The general idea goes like this. The word church is used as our translation of the Greek word, ekklesia. This word in the Greek means a public assembly or gathering. It could be a gathering due to a public function or it could be a crowd that gathered for some other reason, perhaps like a riot. So it was simply a group of people, of an indeterminate quantity meeting in an indeterminate fashion for an indeterminate reason. The problem that people have with the word church, or translation of the Greek idea, is the connotations of institutionalism or an architectural landmark. It's less about the people and more about the systems or the bricks and mortar.

Herein, I agree. The word church is flawed because of what meanings we have given it.

Now, it sounded like the dispute turned into something about how the problem lay in an inerrant and inaccurate translation. As the word 'church' was not a direct derivative of the word ekklesia this has contributed to this problem. Read this article here, which details this in a lot of, well, detail.

Now, I'm going to say the problem is not with semantics. As a bloke who had to study literary theory, I had to read up on deconstructionism. This is the idea that there was no connection between the object or idea and the word we gave it. For example, we assigned the letters c-a-t (to be said /kæt/) to the feline mammals that scratch sofas across the breadth of Britain. There is no link between those letters and sound combinations and animal other than the meaning we gave to it. There is no real link between the letters c-h-u-r-c-h (and the sounds /tʃɜrtʃ/) and the idea. Therefore, simply changing the arbitrary letters and sounds for another set (such as a-s-s-e-m-b-l-y, said /əˈsɛm'bli/) will not make much difference.

In French, the word for church is église. This word takes it roots, via Latin, from ekklesia. I don't think they have a better idea of it being about the people and not the institution, despite the stronger link. Otherwise, they probably would not protect the division between the church and state so fiercely.

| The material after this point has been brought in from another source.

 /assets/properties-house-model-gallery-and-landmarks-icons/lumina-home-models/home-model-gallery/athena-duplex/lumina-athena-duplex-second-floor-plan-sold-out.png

The word, or label, we give an idea is not the problem; or at least, changing the word is probably not going to get us that far.

What we need to do is change the idea. How we do that? Ay, there's the rub. How do we change the idea attached to the word church to mean more than old buildings with pointy spires? How do we make it more than the ten-thirty Sunday service? But the other big question is what should it mean instead? How do we get rid of cultural and personal baggage and give the word it's proper meaning? These are big questions, and indeed hundreds of books have been written about this.

I don't have the answers but perhaps someone out there does!

Help me out! What are your thoughts?

  1. What does the word "church" mean to you?
  2. What should the word church mean?
  3. If you could create a dictionary definition for the word, what would it be?
  4. Why is there a discrepancy between what the idea of church should be and what it is commonly held to be?
  5. How do we change the ideas surrounding the word church?
Wow. Some massive questions there! Let me hear your views.